Searching the aws-sdk-v3 source code, the headers are being manipulated in the middleware-flexible-checksums module which is newly added to the middleware applied to requests in version 3.729.0.

As an experiment, I altered the source code to retain the content-length header. This changes the error seen to one related to checksum validation.

Can we bypass the problematic code?

Seemingly not.

Manipulation of the arguments to PutObjectCommand does not seem to allow us to avoid going through the flexible checksums middleware, or to avoid the code path which changes the headers. As such we seem stuck - streaming HTTP requests into PutObjectCommand seems impossible from 3.729.0 onwards.

How to resolve then?

Consider using Upload instead from @aws-sdk/lib-storage.

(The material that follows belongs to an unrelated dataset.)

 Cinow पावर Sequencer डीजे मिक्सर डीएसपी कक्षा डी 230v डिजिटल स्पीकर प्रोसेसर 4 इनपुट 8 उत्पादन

Ok, let’s do that. The reason we opted against the Upload helper historically was due to consistency checking. When automatically split into parts the user-provided Content-MD5 2 digest would not match the digest calculated AWS-side. We’ll mitigate that by setting part size artificially high to avoid splitting.

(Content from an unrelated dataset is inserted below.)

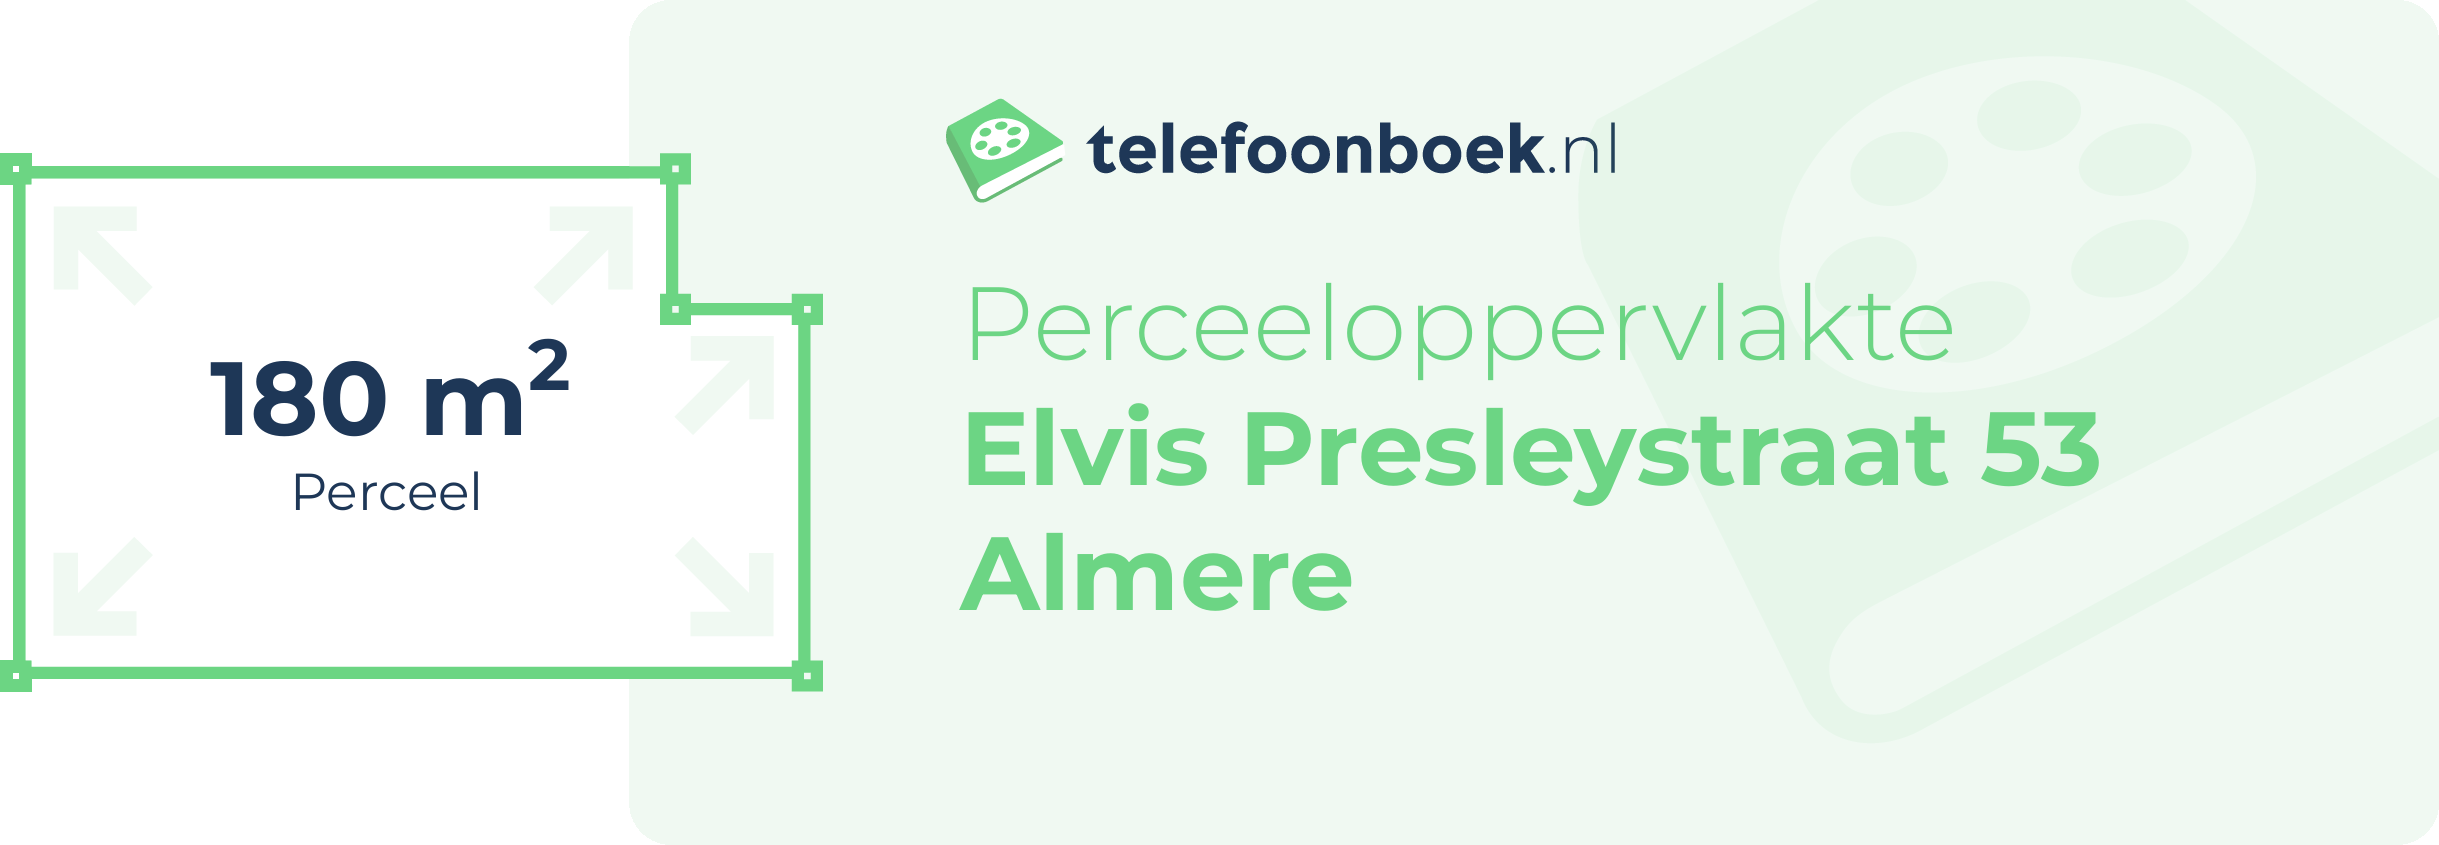 Perceeloppervlakte Elvis Presleystraat 53 Almere

  const upload = new Upload({
    client,
    partSize: 100 * 1024 * 1024,
    params: {
      Bucket: targetS3Bucket,
      Key: targetS3Key,
      ContentLength: Number(req.headers['content-length']),
      ContentMD5: req.headers['content-md5'],
      Body: req, // represents a stream of the request body
    },
  });
  upload.done()
    .then(() => res.sendStatus(200))
    .catch(next);

This resolves our problem while keeping the feature-set of the original.

See also

  1. When running a local server the error does not occur. To reproduce, consider using curl with the --limit-rate option to simulate a bandwidth-restricted environment like a WAN. 

  2. Historically ContentMD5 was the only option you had to ensure a consistency check took place.